10 Aralık 2015'te Donald Trump, Milford, New Hampshire'da yüzlerce polis sendikası üyesine cumhurbaşkanı olarak yapacağı ilk şey, bir polis memurunu öldüren herhangi birinin ölümü alacağını ifade etmek olacaktır. ceza. Duyuruyu, New England Polis Yardımseverlik Derneği'nin onayını kabul ettikten sonra yaptı.

"Kazanırsam yürütme emri vermek açısından yapacağım ilk şeylerden biri, dışarı çıkacak güçlü ve güçlü bir açıklama imzalamak olacaktır. bir polis memurunu, polis memurunu, bir polis memurunu öldüren herkesin, bir polis memurunu öldüren herhangi birinin, ölümü ceza. Olacak, tamam mı? Bunun gitmesine izin veremeyiz. "
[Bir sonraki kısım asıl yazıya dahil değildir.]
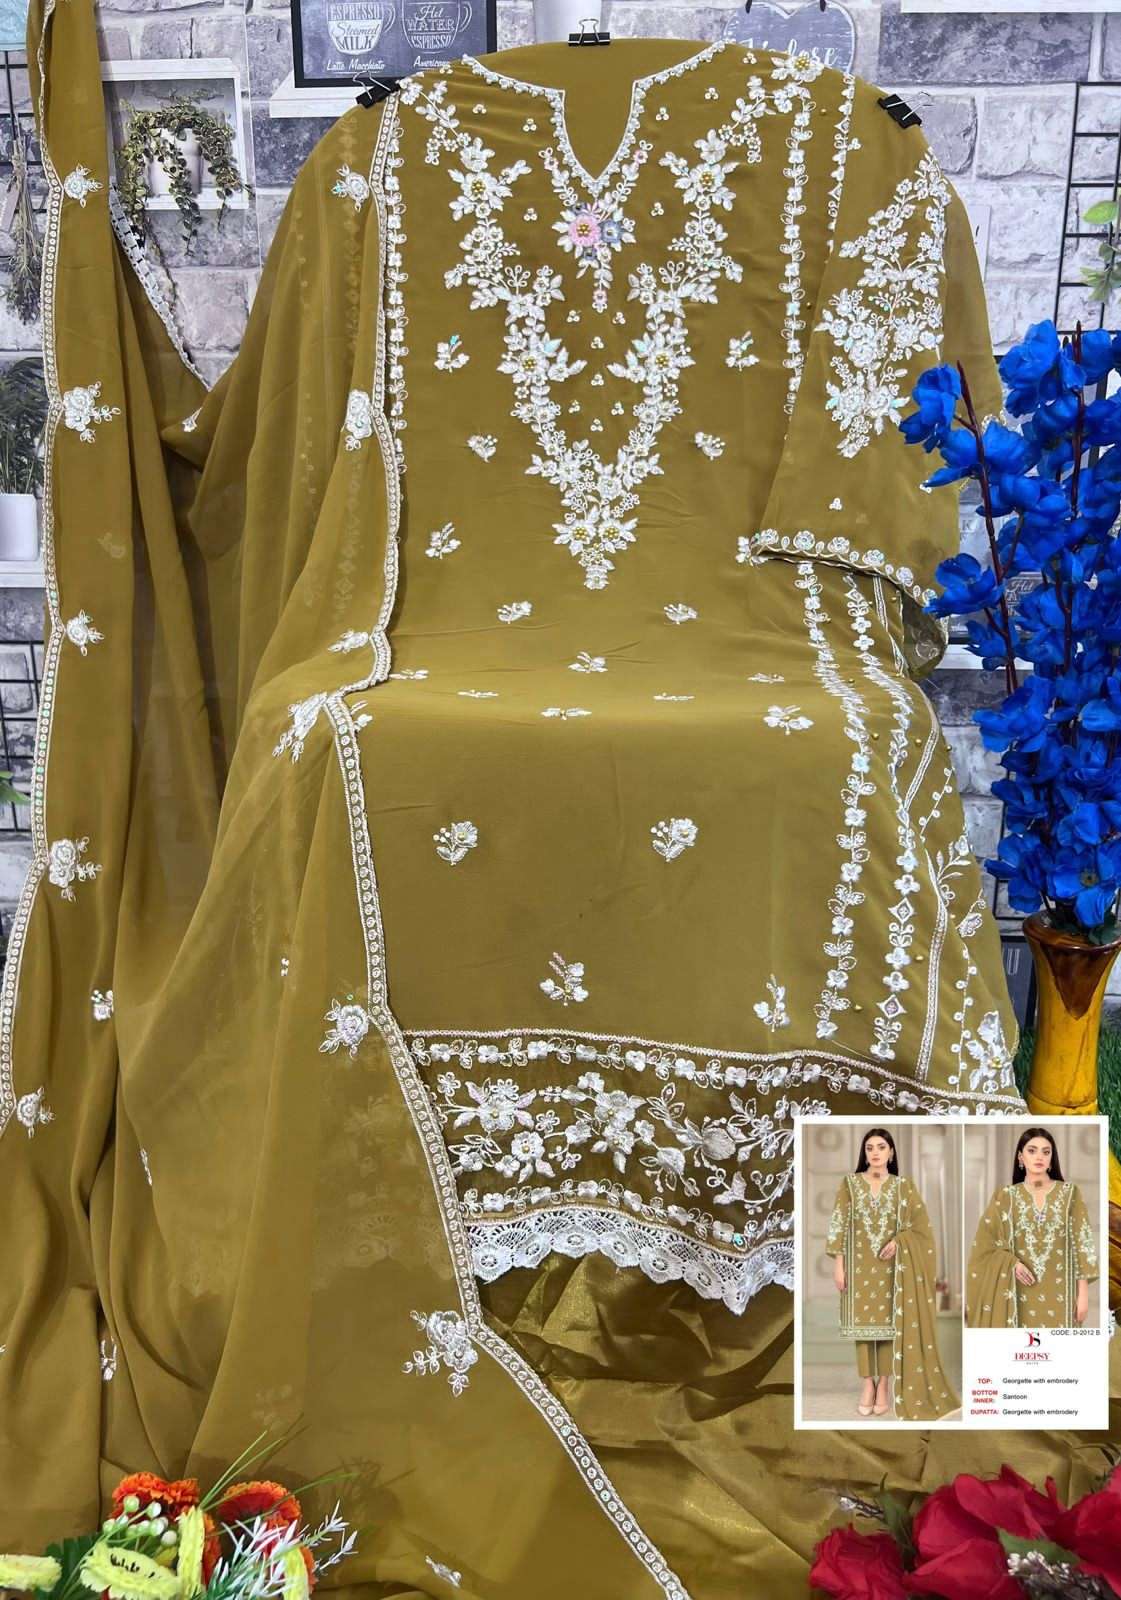 fepic 2012 colour series georgette pakistani embroidred suits online rate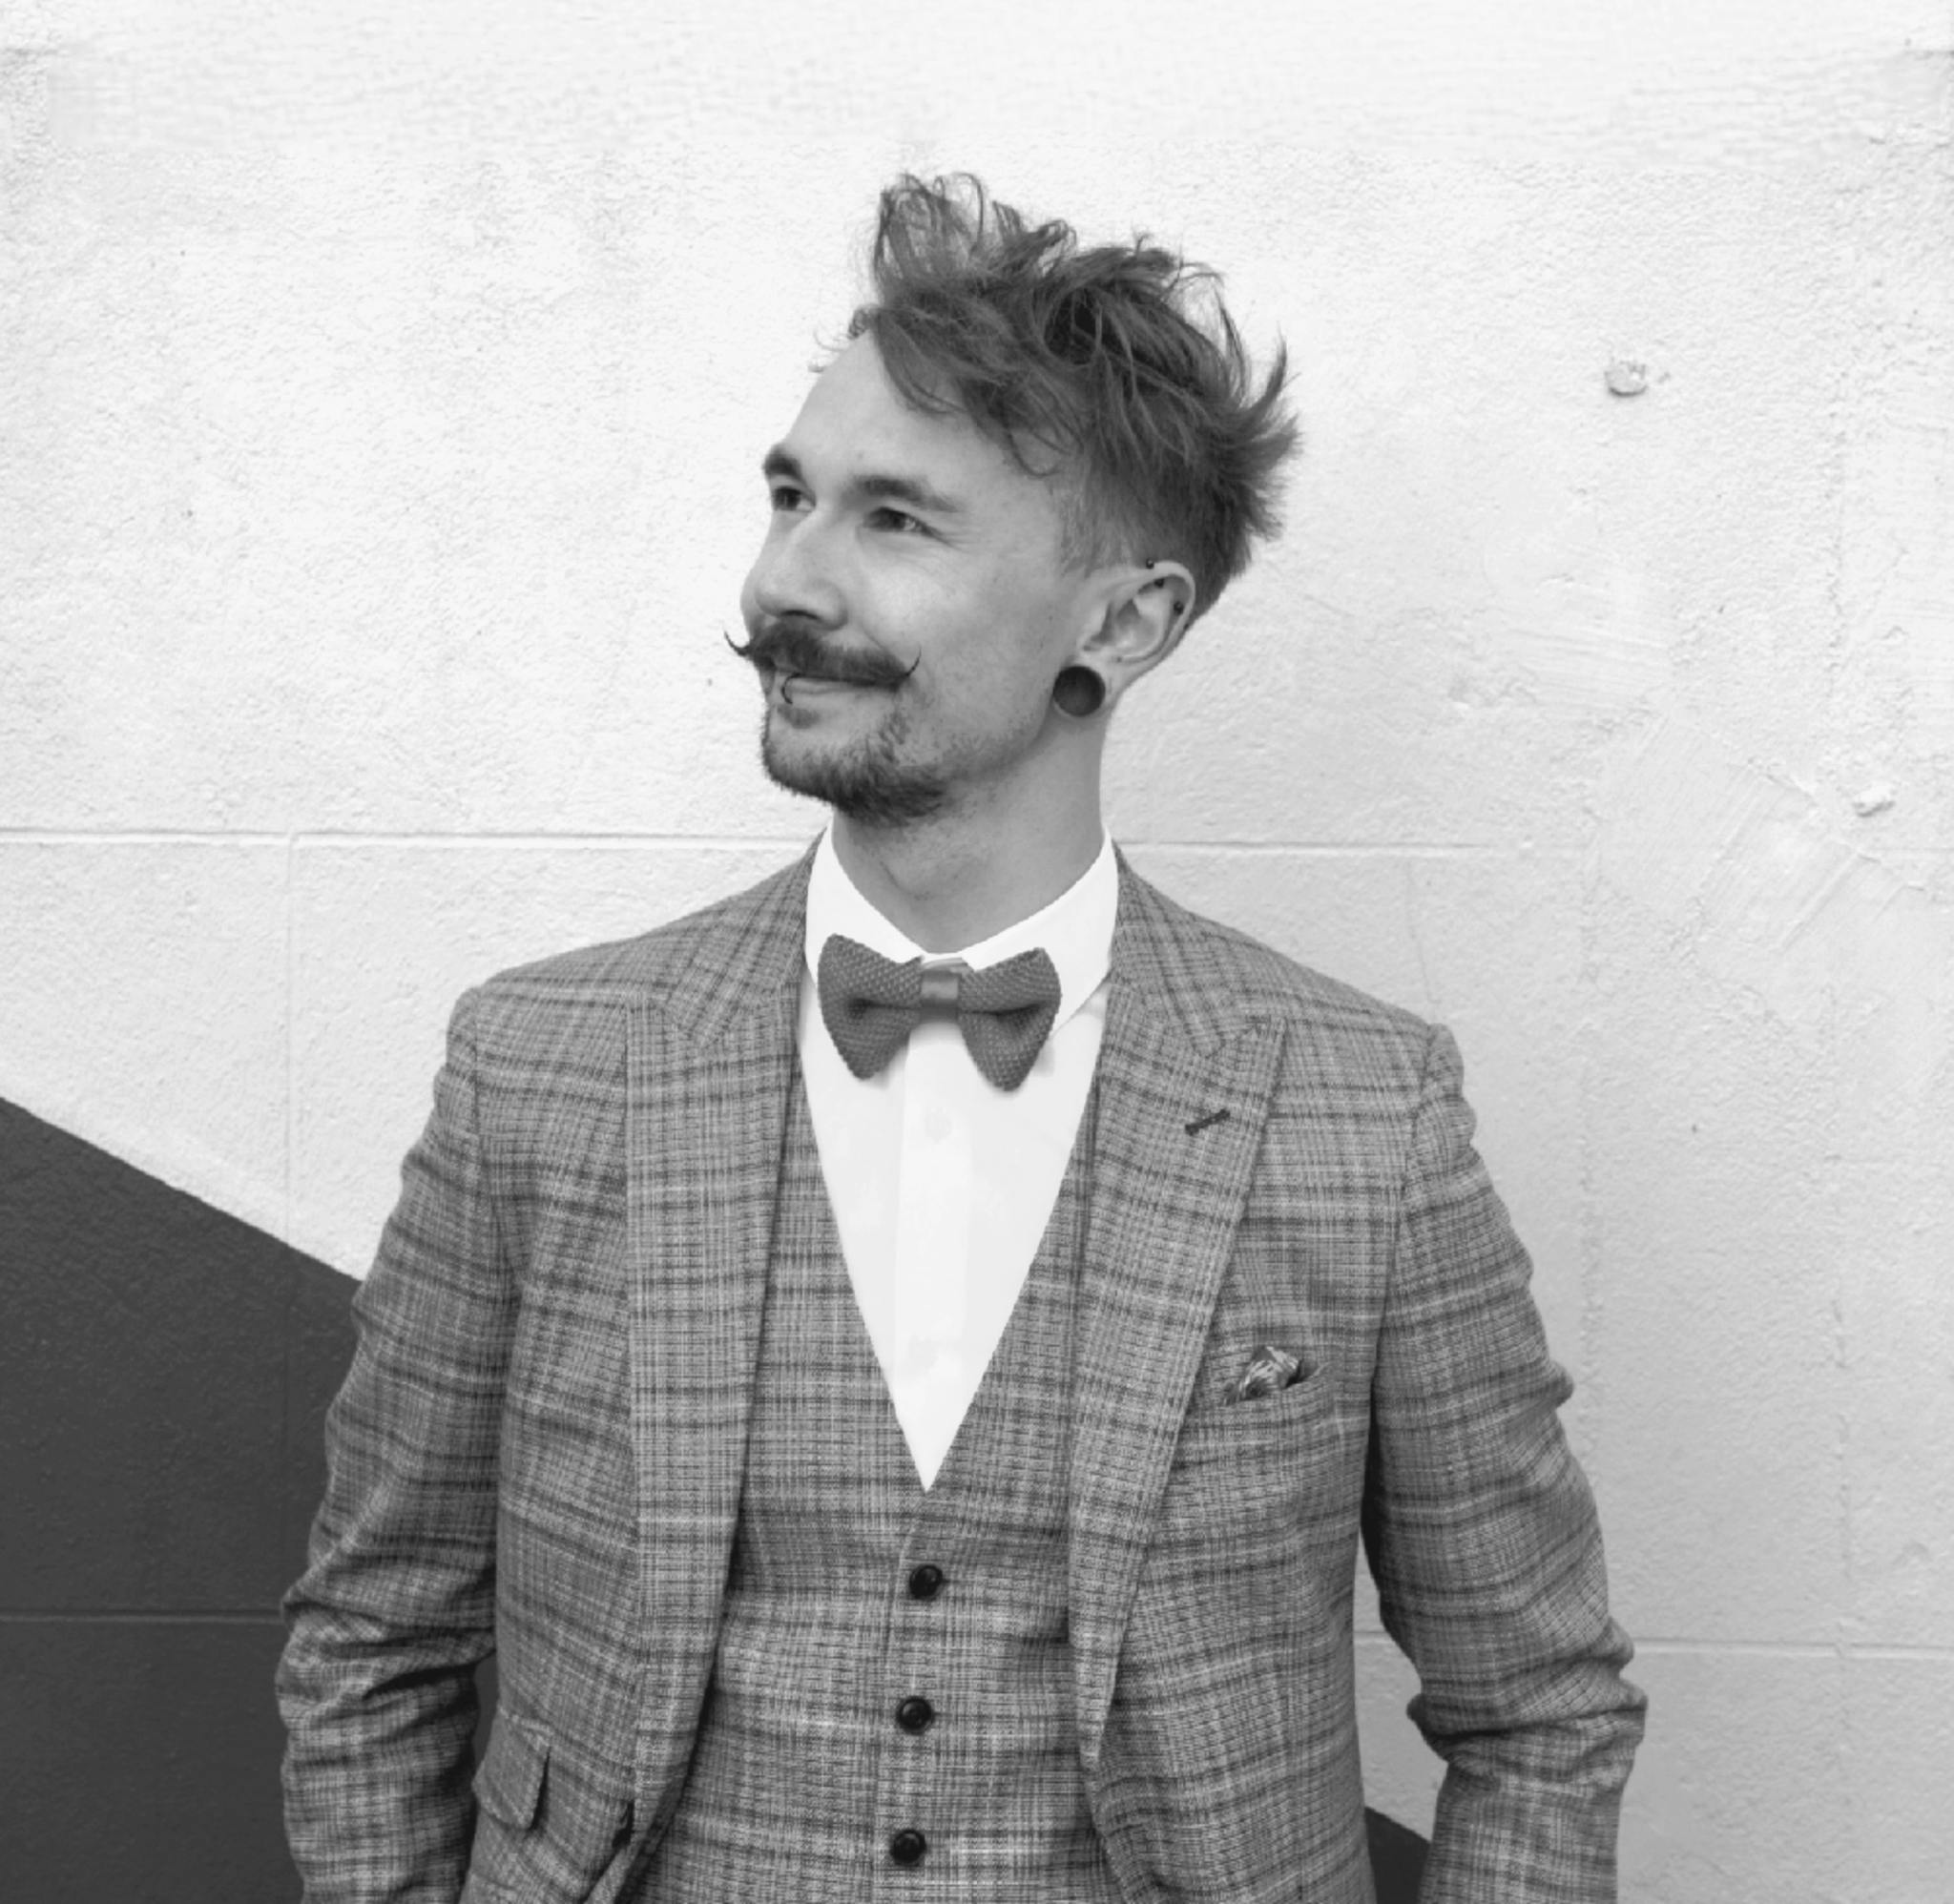 Jack in a waistcoat and suit looking to the side with a moustache and a bowtie

1989'da, koz, New York'taki dört gazetede tam sayfa bir reklam çıkardıktan sonra ölüm yanlısı ceza statüsünü kazandı. POLİSİ GERİ DÖN! "Eylemlerinin, saldırıya hiç atıfta bulunmamış olmasına rağmen, Central Park'ta koşu yapan bir kadının Mayıs 1989 vahşi tecavüzüne atıfta bulunduğu varsayıldı.

Central Park Five vakası olarak bilinen tecavüzden hüküm giymiş beş erkeğin cezaları, daha sonra seri tecavüzcü ve katil Matias Reyes'in suçu itiraf etmesinden sonra boşaltıldı. DNA kanıtı yeniden incelendi ve Reyes ile eşleştirildi ve mağdurda bulunan tek meni bu oldu.

2014 yılında Central Park Five, şehirle 41 milyon dolarlık bir dava açtı. Trump'ın bu konuda öfkeli olduğu da söylendi.